Двадцать седьмое. Первая вахта на промысле. Мы загружаем в наши трюмы рыбную муку, брикеты. Вахты по четыре часа на разгрузку и погрузку тяжёлого груза. Тара неудобная — режет руки, грудь, спину. Страшная боль по всему телу. Кругом стоит шум, крик: майна, вира, полундра! Судно качает вдоль и поперёк. Сыплется мука, летят пачки, того и гляди пришибёт. Ругань, мат стоит столбом. Все стараются сачковать, то есть поменьше работать. В трюмах — холод. Температура для мороженой рыбы — минус 17–20 градусов. Плюс сильная вентиляция. Сильная носовая и бортовая качка перемещает грузы под крен. На каждого человека в среднем за двенадцать часов работы приходится до 11 тонн груза в виде паков по 32 кг каждый, мешков с рыбной мукой или брикетов по 60–80 килограммов, которые необходимо уложить в трюмы, и твиндеки глубиной в пятнадцать метров. Груз надо разложить в штабеля по всему помещению высотой до трёх метров. Третий день — самый тяжёлый. Работы начались с восьми вечера и до четырёх часов утра. Устал, как лошадь. Все жилы вытянуты. Мускулы страшно болят, особенно спина и поясница. Каждую минуту поочерёдно все друг у друга спрашивают: «Который час?» Вечером в гости поднялись на борт болгары. Угощали коньяком, что разогнало немного кровь. Стало меньше болеть, только пугают большие отёки. Видно, для сердца очень большая нагрузка.
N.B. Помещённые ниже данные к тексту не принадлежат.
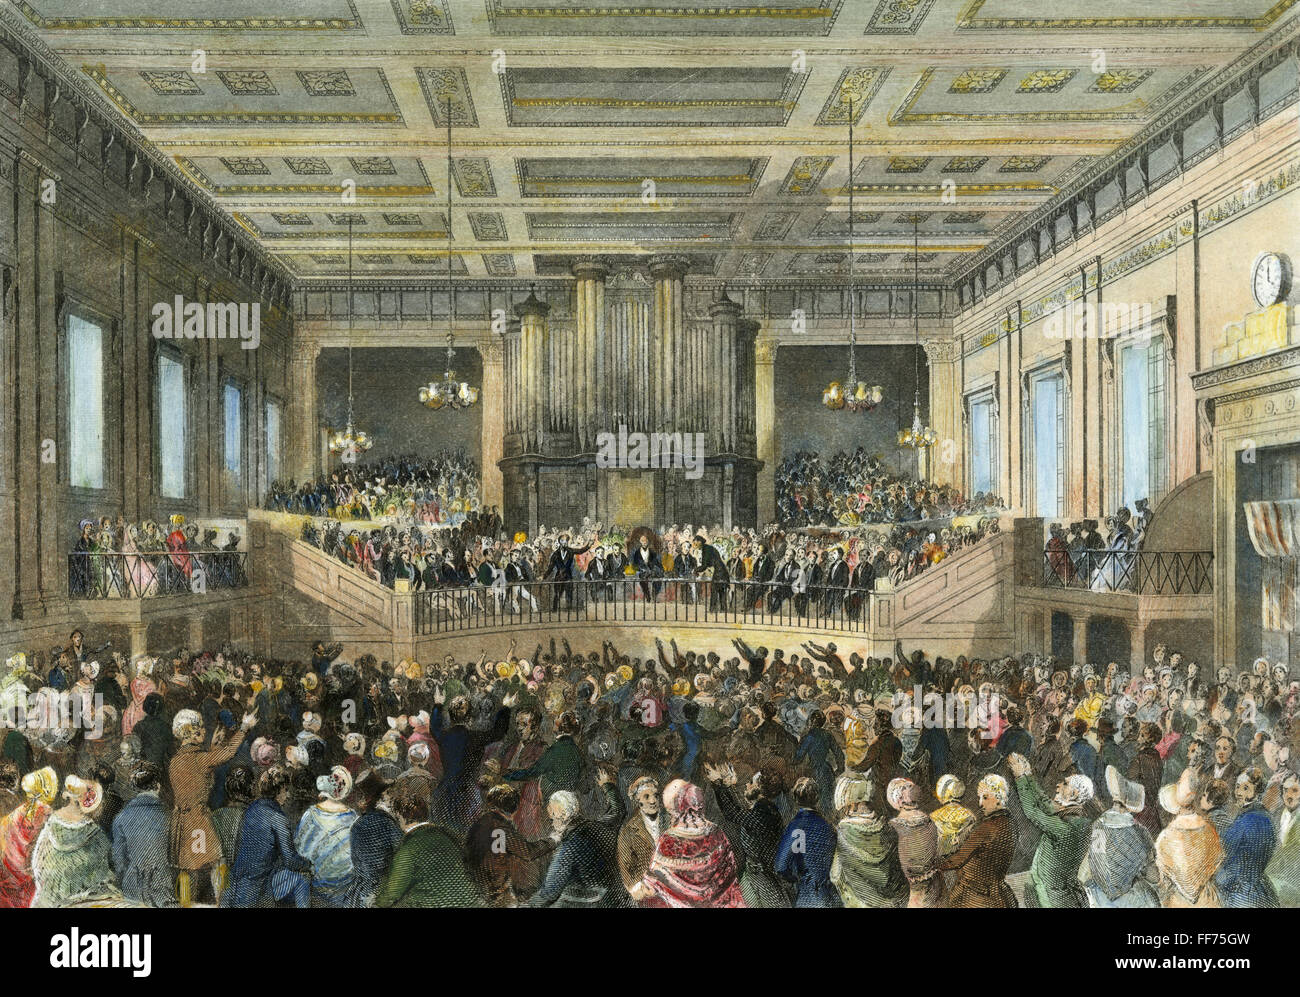 ABSCHAFFUNG CONVENTION, 1840. /nThe Anti-Slavery Society Convention in Exeter Hall, London, 1840. Zeitgenössischer Stahlstich. Stockfoto

Уже разгрузили «Тбилиси», «Мисхор», «Альбатрос», но на подходе ещё много других судов. Организация плохая. Всё держится на «авось», что подвернётся под руку, тем и занимаемся. Нагрузка физическая такая, что пальцы не держат авторучку, дрожат руки. Желание одно: как-нибудь передохнуть, набраться сил, а главное — распределить их так, чтобы до конца вахты не свалиться в буквальном смысле с ног. И так час за часом, день за днём. Работа, еда, короткий отдых и снова каторжный труд до изнеможения. Вот где я вспомнил о рабах на галерах. Счёт дням потерян. Остался один подсчёт: сколько времени до конца вахты? Кормят часто, по четыре раза в день, но в весе не прибавляешь. У меня всё время большие отёки, всё-таки сердце не привыкло к таким перегрузкам. Но всему приходит конец. К шестому июня мы разгрузили около десяти судов, в том числе «Слава», «Морская звезда», «Андромеда», «Лангуст», «Сириус», танкер с топливом, и взяли курс на мыс Доброй Надежды. Обогнули Южную Африку и вышли в Индийский Океан. Сегодня с утра я заступил на вахту рулевым. Самая удачная вахта — с 8 до 12 часов. После обеда и до вечера — свободен, можно отдохнуть, позагорать.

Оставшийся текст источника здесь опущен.